At this point we don’t have a need for a dedicated client/project management tool, we manage just fine with the above.
Do you have help in your business or do you do everything yourself?
Currently, it’s just Laura and myself. I think this will change sometime in the near future, as I transition out of graphic design and more into type design. Type design projects take such a long time from inception to completion, so we’ll be looking for some part-time help, both in graphic design and in some type design production tasks.
How do you get new clients?
Word of mouth primarily. Historically my main sources were Instagram/Dribbble, and occasionally other social media platforms. Since entering more seriously into the type design industry, and spending some years building my portfolio, I’ve found referrals and recommendations have overtaken the random enquiries, and I think this is a good thing.

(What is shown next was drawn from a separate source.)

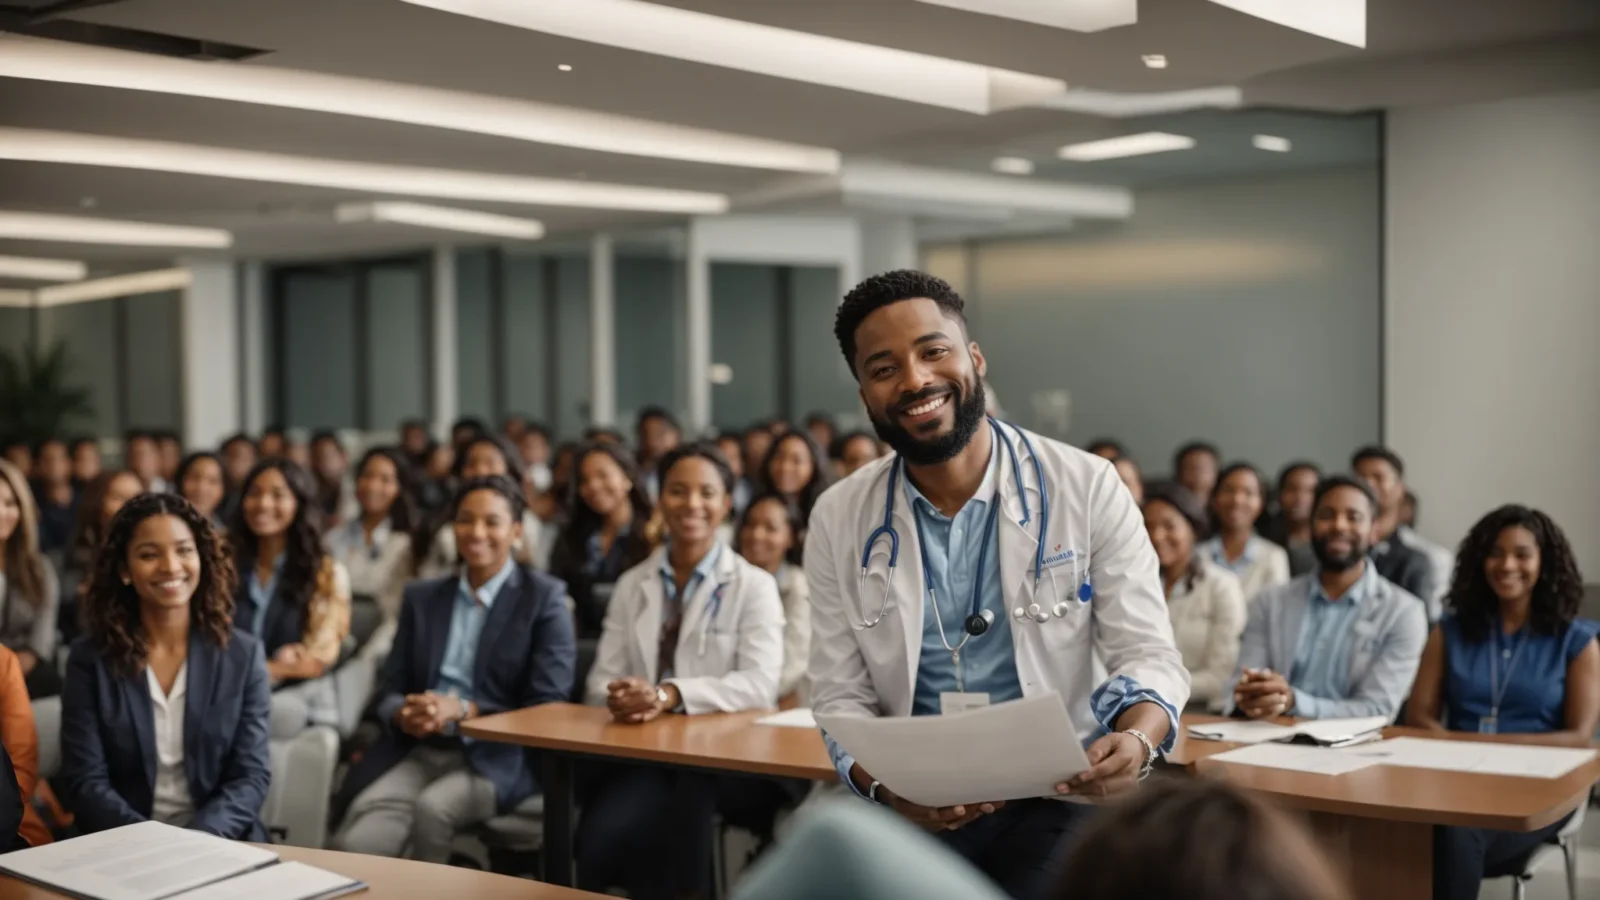 a doctor smiling confidently while presenting a wellness seminar to a diverse audience in a bright, modern conference room.

What excites you most about speaking at Typism?
Very few of those closest to me are actively passionate about type design or lettering. When I get opportunities to be around like-minded people, it energises me so much. I love it. I remember thinking about my Typism talk the other day, and commiserating with Laura “What if I bore them with all these specific, nerdy, type design concepts!?” Then I remembered that the people listening are there for exactly that sort of thing! And I got really excited.